Angus se quedó quieto unos segundos, encogido sobre sí mismo. Si esperaba darle lástima, no iba a funcionar. Debió notarlo, porque no tardó mucho en ponerse a revolver alrededor, apartando arbustos y mirando en agujeros.
Fue al subirse a un árbol que emitió un pequeño chillido de euforia, seguido de un quejido cuando un hombrecillo vestido de verde saltó en su cara y empezó a correr. Al menos había que reconocer que Angus era insistente, pues no tardó en impulsarse detrás, derrapando por el barro y lanzándose en plancha hacia el hombrecillo que, para su desgracia, terminó atrapado entre sus manos.

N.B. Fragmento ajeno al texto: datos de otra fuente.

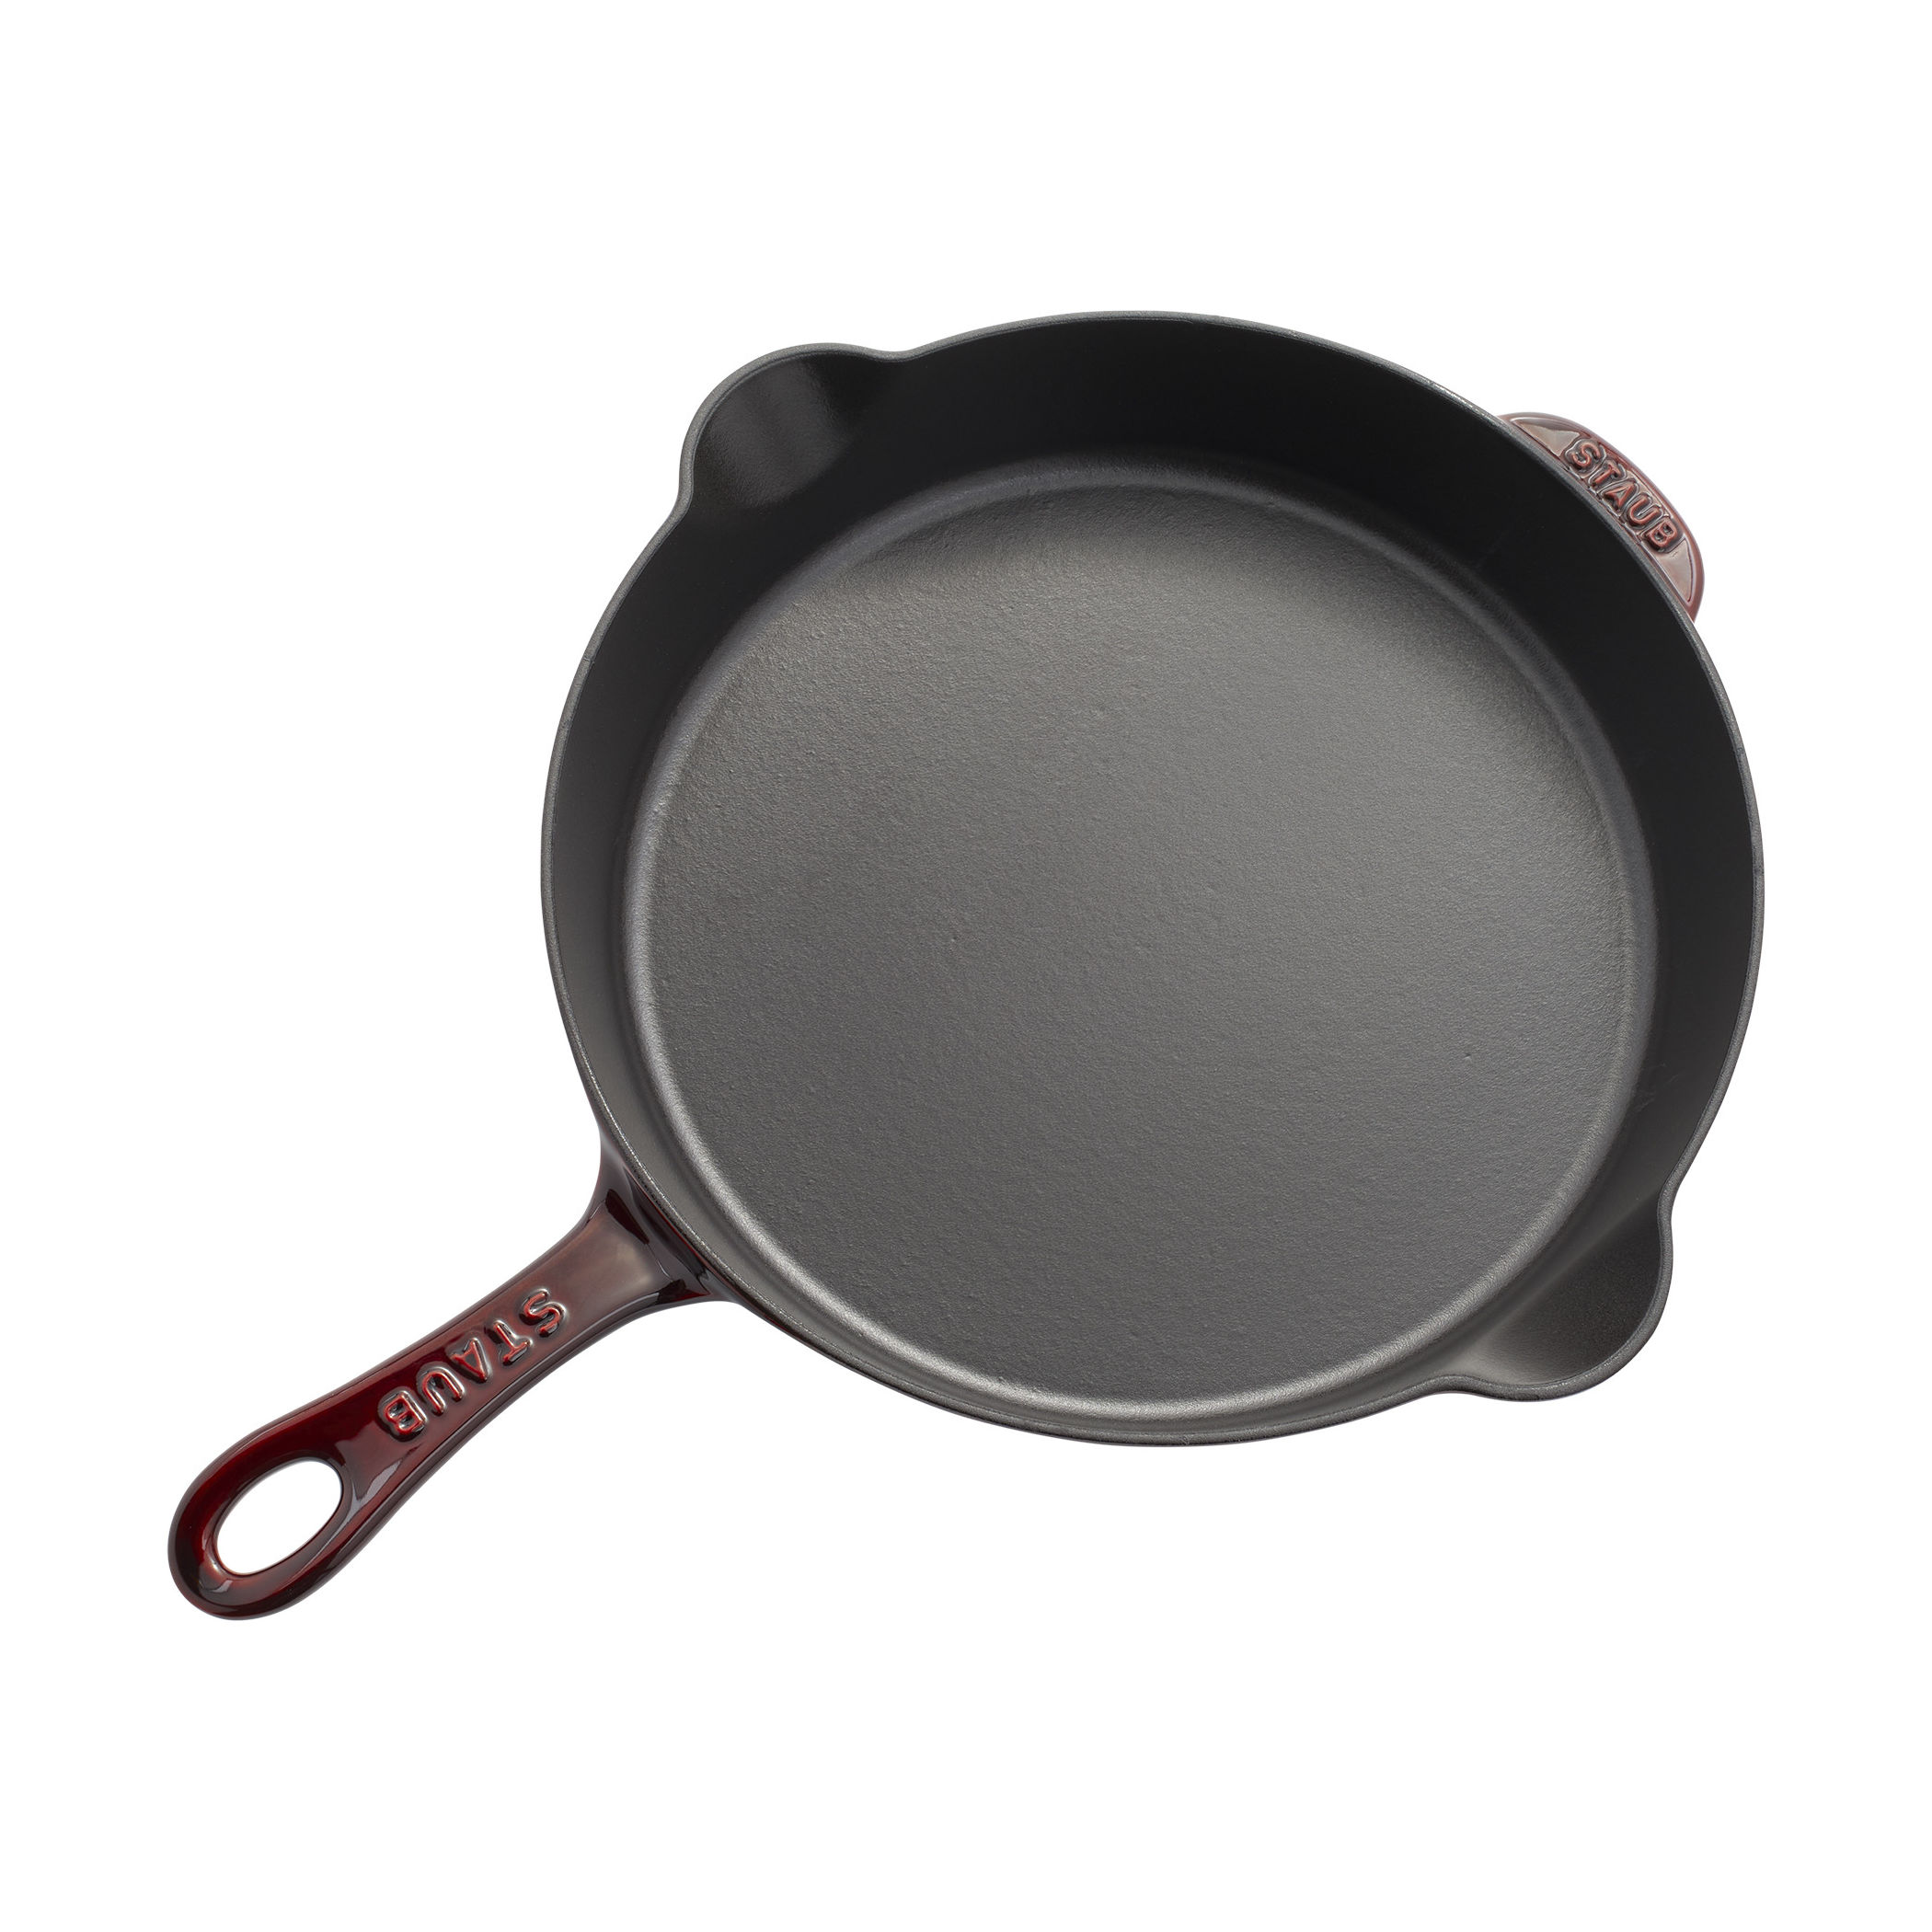 Staub Cast Iron 11in Traditional Skillet - Grenadine Made in France

¡Victoria! Primer paso completado, encontrar a un leprechaun al que desplumar. Cordell tan sólo levantó el sombrero para verlo mejor.
El hombrecillo medía algo más que una pixie, aunque carecía de alas a su espalda. Llevaba un traje verde (ridículamente tradicional) y tenía el cabello entre rubio y pelirrojo. Sus mejillas sonrojadas estaban hinchadas, como las de una ardilla, y se sacudía entre las manos de Angus insultando en el idioma de las hadas. Casi agradeció que McIrvin no lo hablara, porque hacía falta algo más que jabón para semejante boca.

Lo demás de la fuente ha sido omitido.